By Abby Sorkin SC’20
Seeing Charlie’s Angels reminded me just how extraordinary it still feels to watch a female driven, female directed movie. It’s the waning months of 2019 and I still can count on one hand the movies I’ve seen where women were the focus. Note the plural there; I don’t want to diminish the impact of a single heroine like Katniss Everdeen or Captain Marvel, but the fact remains that seeing movies where multiple women take up most of the screen time is incredibly rare.
In fact, only two come to mind immediately. Charlie’s Angels, directed by Elizabeth Banks and Booksmart, directed by Olivia Wilde.
Both movies were directed by actresses, both focused on coming of age and perhaps most importantly, the core of both movies were friendships between the women.
The core relationship in Charlie’s Angels is between Sabina, portrayed by the always talented Kristen Stewart, and Jane, played by the brilliant newcomer Ella Balkinska, with the two being the audience’s introduction to the world and the emotional center of the movie. These two represent a genderbend version of a type of relationship that has been shown in film before: equals with different skills and contrasting personalities who learn to not only respect but care for one another.
That description brings to mind several different male friendships, from Sherlock Holmes and John Watson to Steve Rogers and Tony Stark, but female examples seem much more scarce. Male-female friendships come to mind, like Ron Weasley and Hermione Granger or Percy Jackson and Annabeth Chase. Of course, those eventually develop a romantic bond.
In this way, Sabina and Jane break the mold of what is expected. This is however only possible because there are so many roles for women to play in this movie. Women in Charlie’s Angels are just confined to the smart woman who stands her ground, or the flirtatious one, or the kickass fighter. Sabina plays the role of the flirtatious one, but she’s in fact the damaged sass-master. Elizabeth Banks as Bosley is the woman on the headset and the woman behind the crown. They are allowed to play more than one archetype and as a result engage in more complicated relationships.
The emotional peak of the movie is the scene where Jane is crying over Sabina after they both nearly die in an explosion. This scene had elements of the typical stoic character breaking and the fun loving character being serious yet still sarcastic. It seems utterly unremarkable upon my first watch of this film but on my second viewing it tugged at me.
It’s a scene I’ve seen over and over in fantasy, but it is rarely between two women. Repeatedly, it has just featured one woman. From Sam and Frodo to Peter Parker and Tony Stark to Oliver Queen and John Diggle, male friendships always get the emotional resolution when it is not granted to the romance, and because female friendships are nearly always an afterthought, the catharsis granted from seeing growth is nonexistent.
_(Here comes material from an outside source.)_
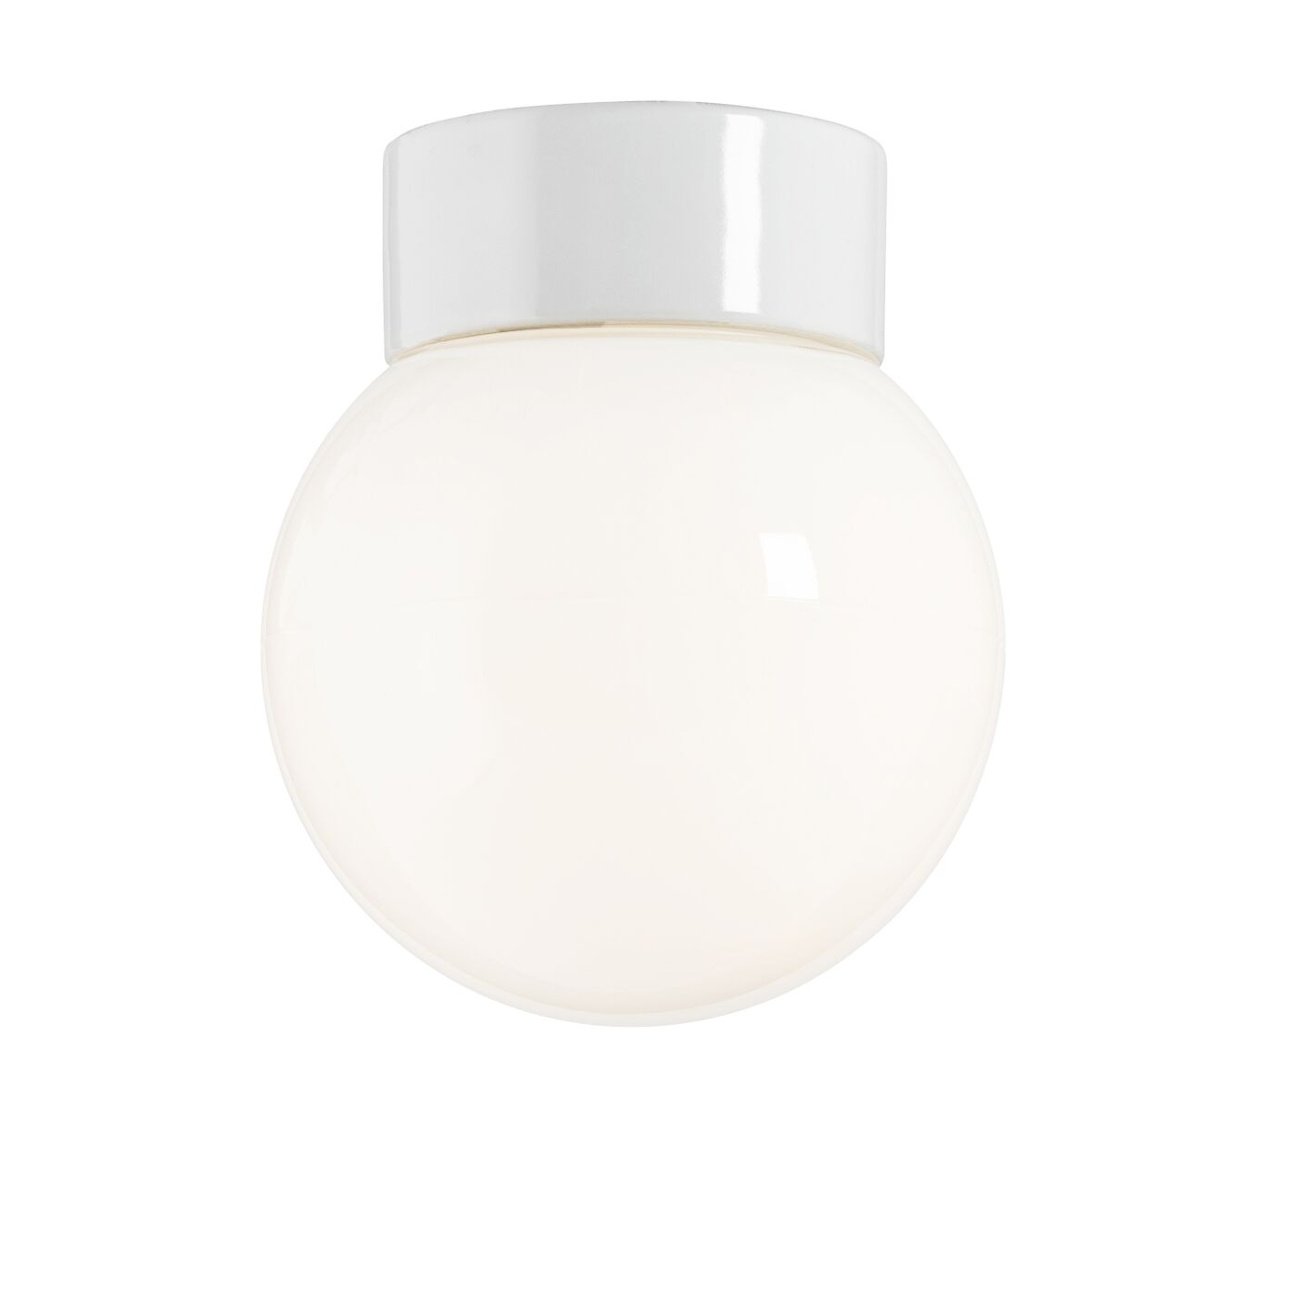 Badlampe mit weißem Kugelglas

Until Booksmart. Until Charlie’s Angels.
Until two movies brought female friendship into the focus.
Like Charlie’s Angels, the core of Booksmart is the friendship between two high achieving seniors about to graduate from high school. Amy, portrayed by Kaitlyn Dever, and Molly, portrayed by Beanie Feldstein, are going to go on an adventure worth of Bill and Ted themselves. However, amid the laughs and the first times and crazy encounters, the ultimate emotional moment comes during the party they’ve spent the entire night trying to get to where the fear of losing each other lays them both bare and truthful in front of everyone they’ll be leaving behind tomorrow.
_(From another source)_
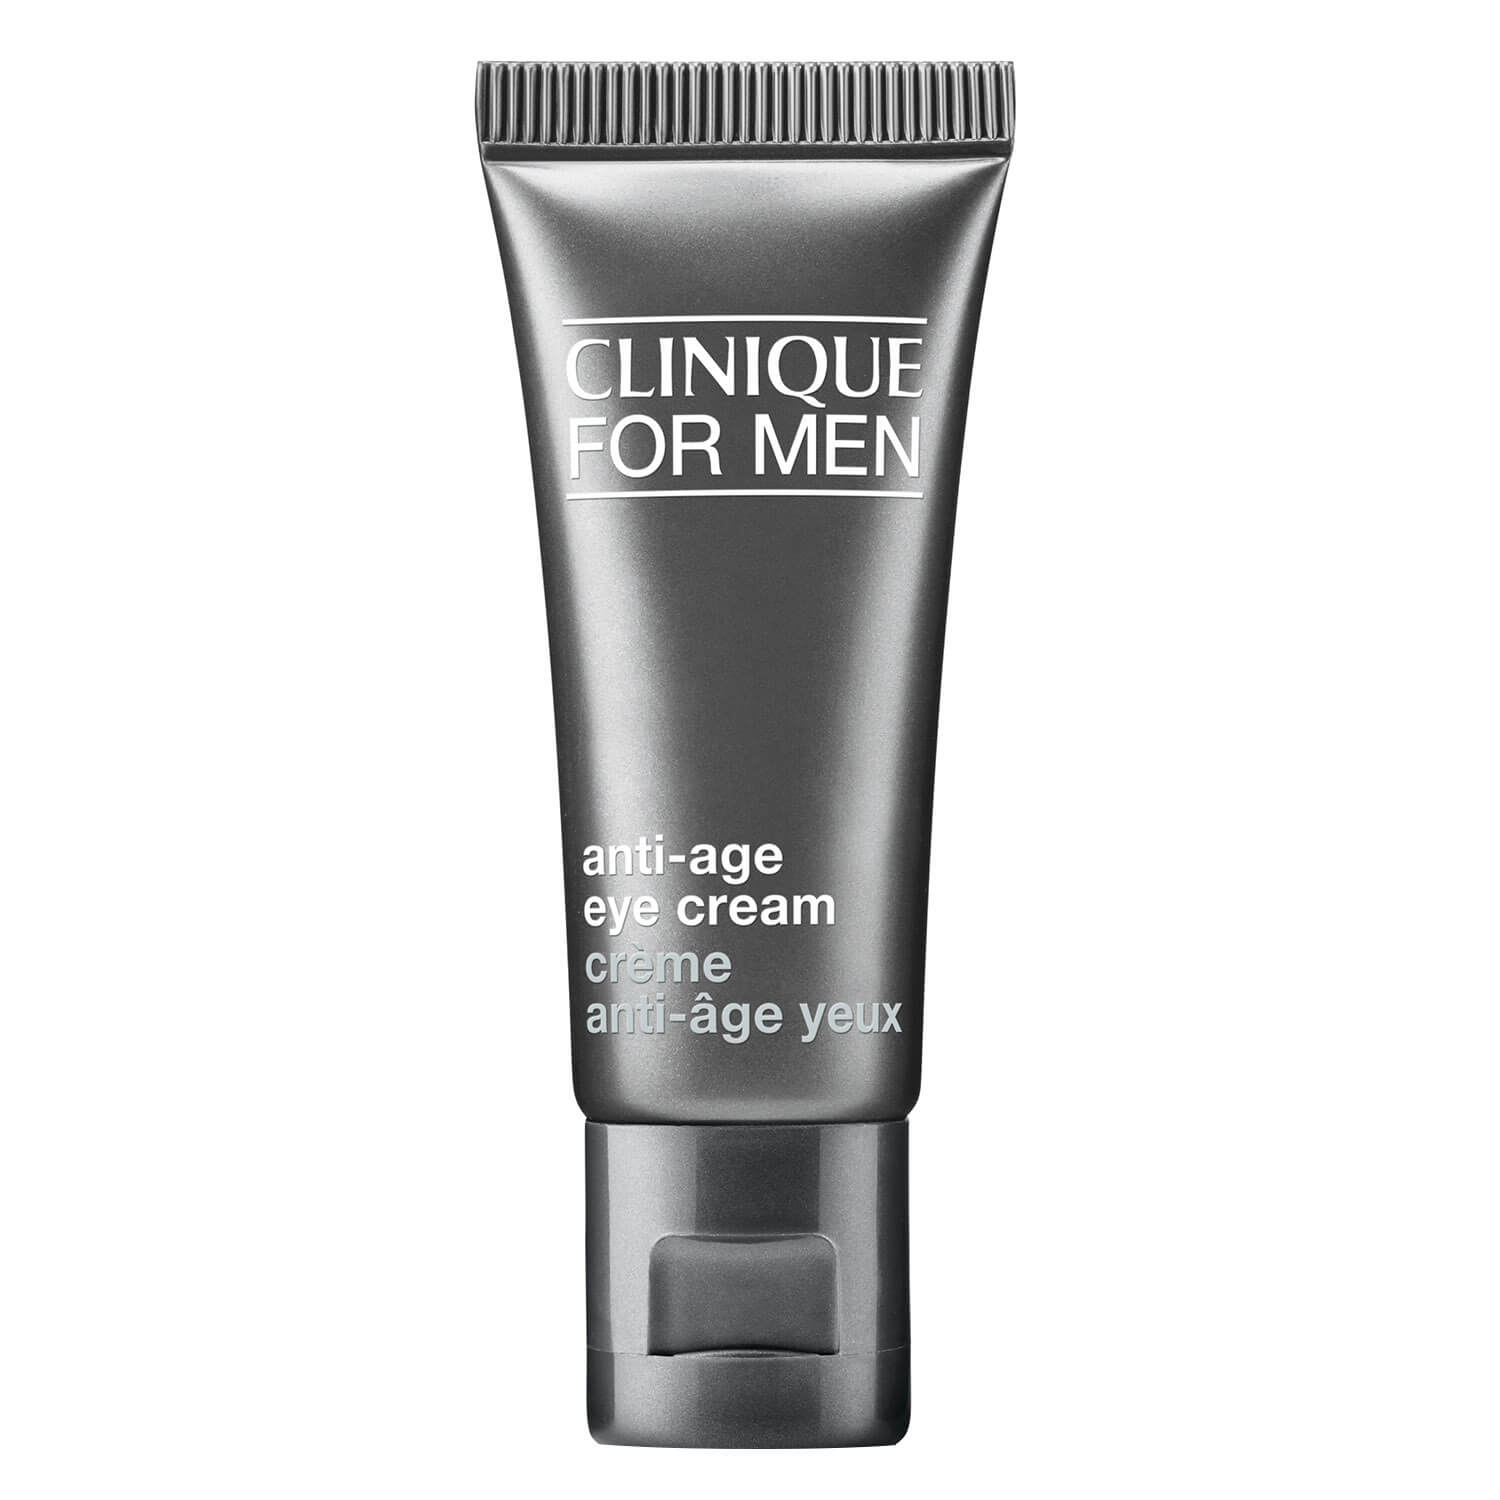 Produktbild von Clinique For Men - Anti-Age Eye Cream

It’s a buddy cop movie that should ride with the best of them. But the tears I cried during Booksmart were absent when I saw 21 Jump Street.
There’s a rawness that comes from being seen, even on a movie screen, even through fiction. And that rawness is something that I felt during both of emotional climaxes of the two movies I’ve pointed out.
I can’t help but think that having a female director is why these moments felt so real, why the friendships followed common patterns, why they were fun but also meaningful. To me as a viewer, there was no doubting the sincerity of the moments.
Maybe they represent a new age, maybe we’ll see more media where the center is women. Again, note the plural there.
But regardless of what might happen in the future, they both exist now. And that matters.